As consumers become more educated about the ways in which their personal information is collected and shared and how the appropriate use of such data can provide valuable outcomes, so consumers also expect legal and ethical standards to be adhered to. Where rights in personal data are abused and where such personal data is used for purposes for which consumers have no reasonable expectation, then consumers will exercise their rights both legal and moral to gain satisfaction and compensation for failure by governments and businesses to respect privacy, secure data and enable trust.

The notion of the protection of personal data and rights in personal information has been around for hundreds of years as demonstrated by the right to “private life” in the French Constitution of 1791, the notion that “the individual shall have full protection in person and in property” as developed by Samuel Warren and Walter Brandies in “The Right to Privacy published in 1890, and the specific laws around the protection of personal data have been established in Europe for example since the Land of Hesse Act 1970 and more recently in the EU Data Protection Directive 95/46/EC.

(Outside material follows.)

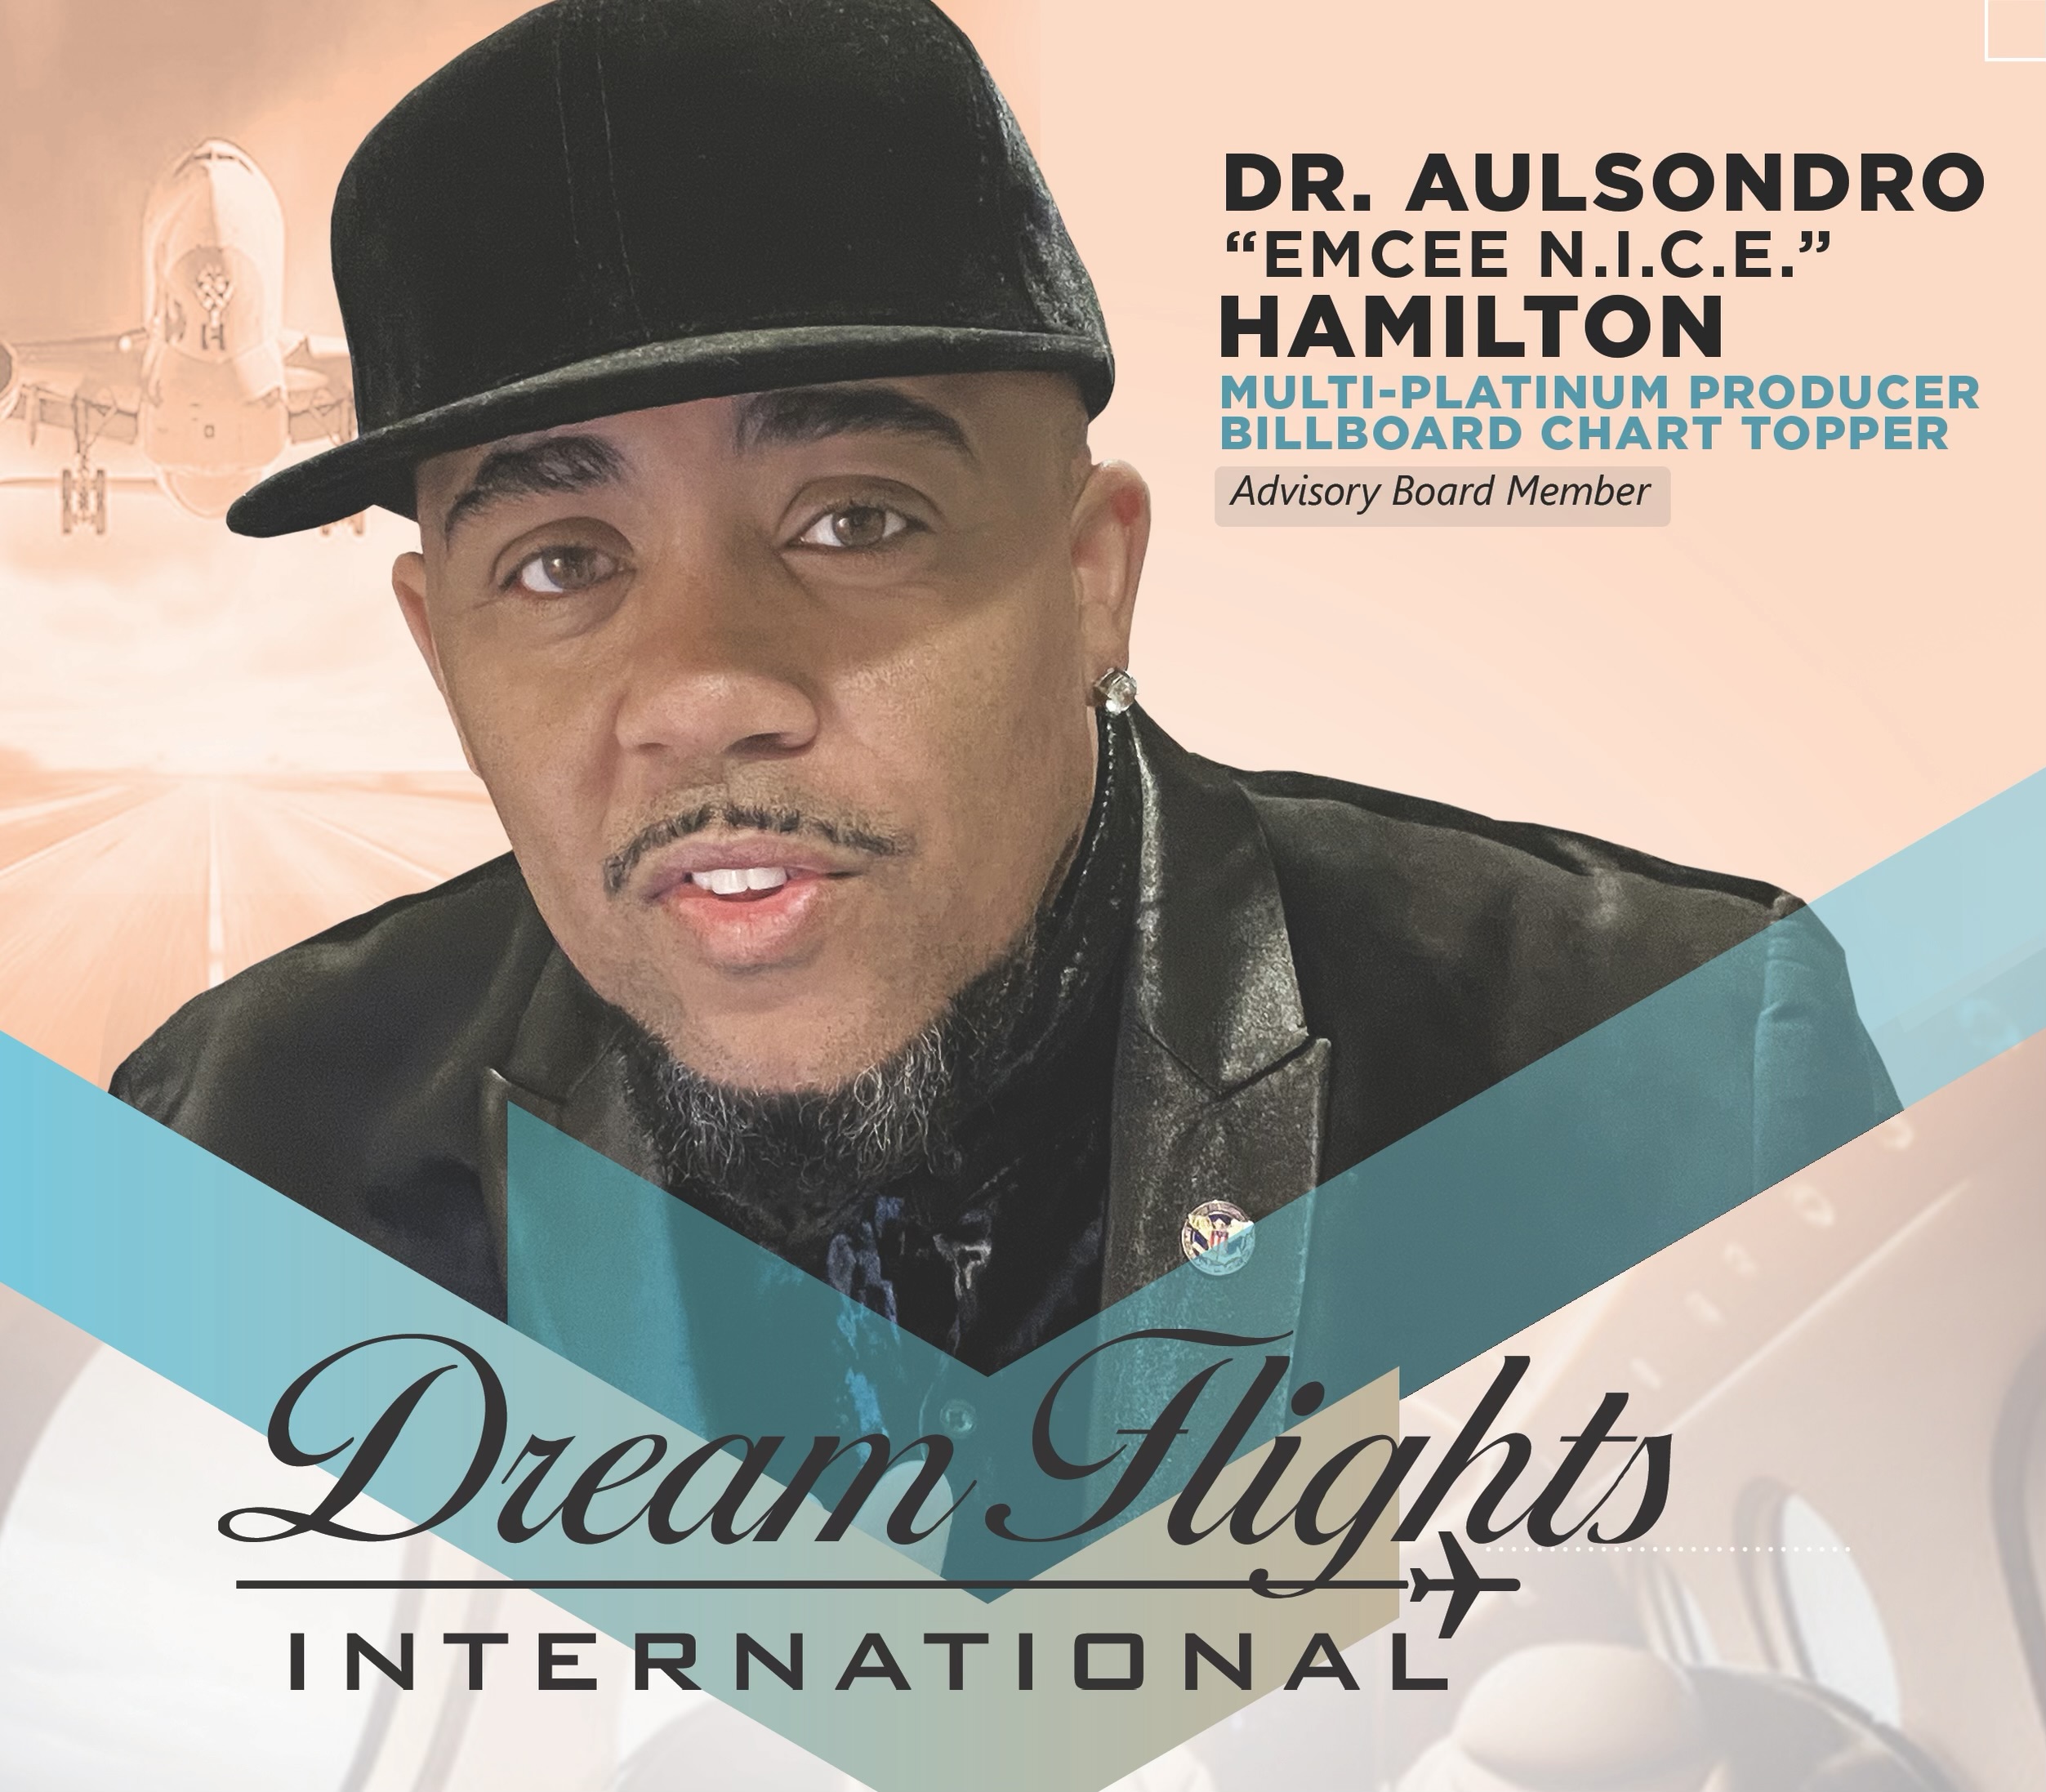 Dream Flights International Proudly Welcomes Dr. Aulsondro Emcee N.I.C.E. Hamilton to its Advisory Board

The EU General Data Protection Regulation which will come into force on 25th May 2018 will establish a framework designed to support the expansion of processing of personal data whilst imposing on data controllers and data processors, both within government and industry, duties of transparency, fairness and accountability.
So many global data privacy laws are based on principles laid down by the OECD Privacy Guidelines and Convention 108 as well as the historic influence of Europe in its former colonial influences in the Americas, Africa, Middle East and Asia.

The electronic collection of personal data is an area where Europe recognises the need for more accountability and the recent proposal for a Privacy and Electronic Communications Regulation highlights the demand by consumers to only have their data collected and used with their permission.

Recent well publicised data breaches have demonstrated that the failure to respect privacy and to keep data secure has a direct impact on trust, and consumers are exercising their rights and demonstrating their expectations by choosing to engage only with businesses that demonstrate trust and integrity when processing personal data and avoiding businesses that plainly do not. The financial markets also react to data breaches which has an impact on shareholder value and corporates are now directly responsible to their shareholders for failures to keep personal data secure, and in addition regulators are taking an increasingly tough stance on those that fail to manage information securely.

The use of new technologies such as smart devices, Internet of Things and Artificial Intelligence, coupled with the economic and humanitarian uses of Bid Data analytics, means that there has to be a balance between the acquisition of personal data and the rights of citizens.

A balance has to be struck between the needs of governments to access personal data, the economic drivers for businesses to process and share personal data and the rights and expectations of citizens in the control of their personal information.

Governments need to implement laws and regulations that appropriately manage the data ecosystem and be accountable for their own use and misuse of personal data and encourage, education and communication to be businesses and citizens as to the duties and standards that attach to economic and ethical use of personal data.